Minority Report 10 May 2016

2015 science fiction, ten episodes, sequel of sorts to the 2002 film. After the PreCrime programme is shut down, the three precognitives try to live normal lives. Of course, one of them ends up Fighting Crime.

That's the basic problem here, I think: given even the watered-down Dick of the film, there are a lot of places you could take a story like this, but the primary line of what Max Borenstein (screenwriter of the 2014 Godzilla remake) developed was, at least at the start, a very stock "she's a cop, he's a quirky not-a-cop" detective story with a futuristic setting.

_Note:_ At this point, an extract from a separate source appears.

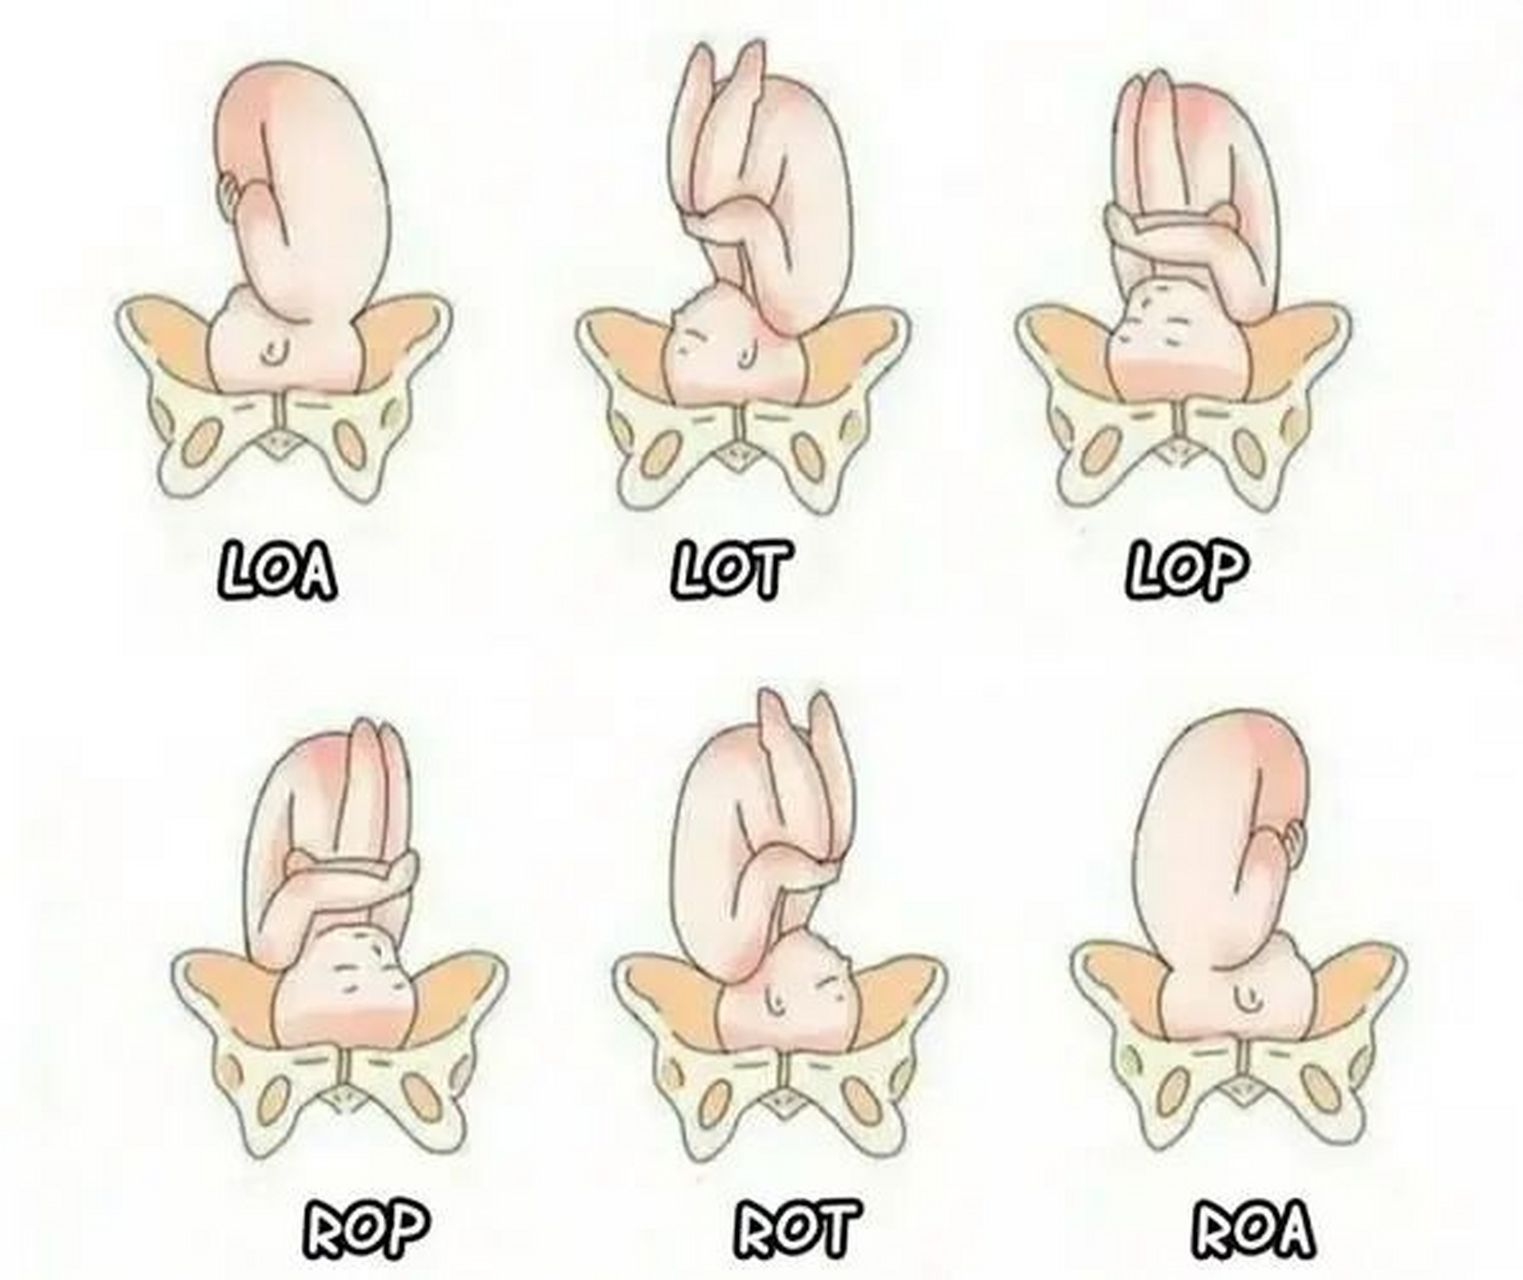 胎位与骨盆的图解图片

If it hadn't been touted as a sequel to the film, that might actually not have been too bad. OK, it was broadcast on Fox, who are always readier to cancel SF series than anything else, but as a stand-alone it probably wouldn't have performed any worse than other Fox shows such as Almost Human, The Sarah Connor Chronicles or Dollhouse. But the name and the background meant that people were thinking of the film, which raised expectations the show was unable to meet. The initial 13-episode order was cut to 10 after the first three had been broadcast to collapsing ratings, and although even at the time of writing there hasn't been a formal announcement of cancellation one can't realistically expect it to come back.

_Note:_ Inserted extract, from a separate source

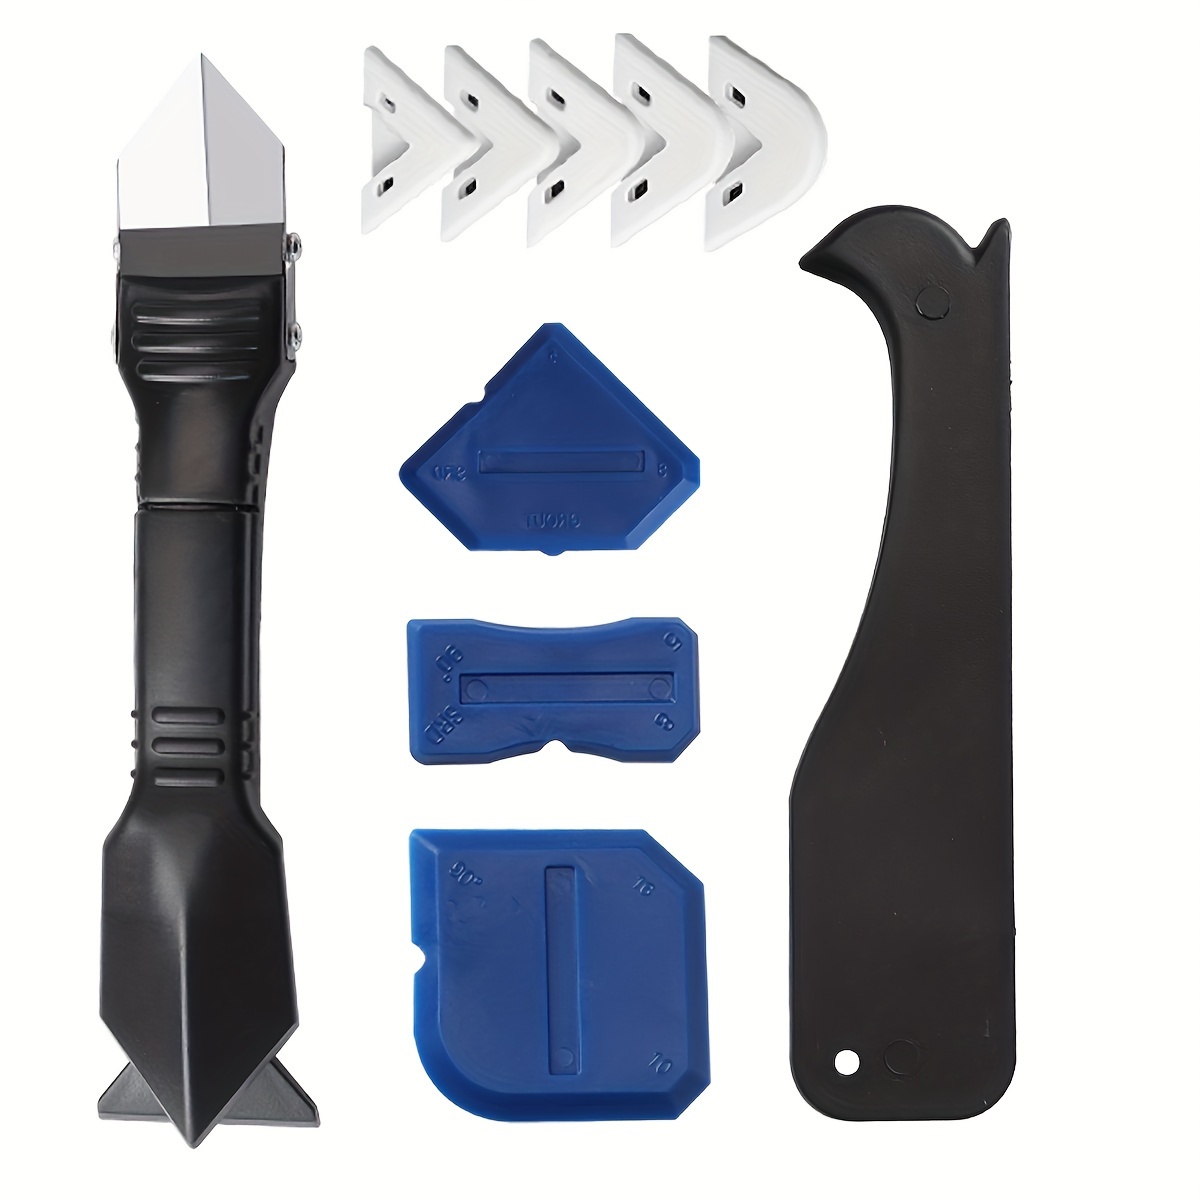 Outil de calfeutrage (Bleu)4 Pièces Kit 'outils De Calfeutrage Silicone  Mastic Dissolvant Pelle arts outil Bleu

If one can ignore memories of the film and calibrate one's expectations to standard TV SF, this does have occasional good spots. The first half of the season is mostly crime-of-the-week, allowing the viewer to get to know the characters, while the second half is built round an attempt to return the three precognitives to their drugged and passive state, to get them working full-time on seeing murders again, "justified" in part by a series of terrorist attacks (the visible face of these played by the always-excellent Christopher Heyerdahl).

The visual design of both sets and props is excellent, with lots of translucent display surfaces, and some good CG shots of the futuristic city. Shooting is generically dystopian, with excessive darkness and blue-tinting to remind us that we're in a Grim Future, with occasional bright colourful CGI-boosted outdoor scenes that actually work quite well. Acting is mostly adequate, with the standout for me being Li Jun Li as The Cop's technically-inclined friend on the force.

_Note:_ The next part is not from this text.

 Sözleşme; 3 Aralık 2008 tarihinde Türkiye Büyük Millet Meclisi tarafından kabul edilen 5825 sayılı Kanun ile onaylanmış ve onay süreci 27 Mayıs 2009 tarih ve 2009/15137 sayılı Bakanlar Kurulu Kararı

Scriptwriting, alas, is mostly uninspired, and the dynamic between the three precognitives never gels. There's too much standard procedural here and not enough of what makes the setting unique, or even interesting; it's television-making by the numbers with only occasional charming moments. Mixing up the ongoing plot with the very generic police show filler, and getting some better writers, might have generated more early interest and kept the thing alive.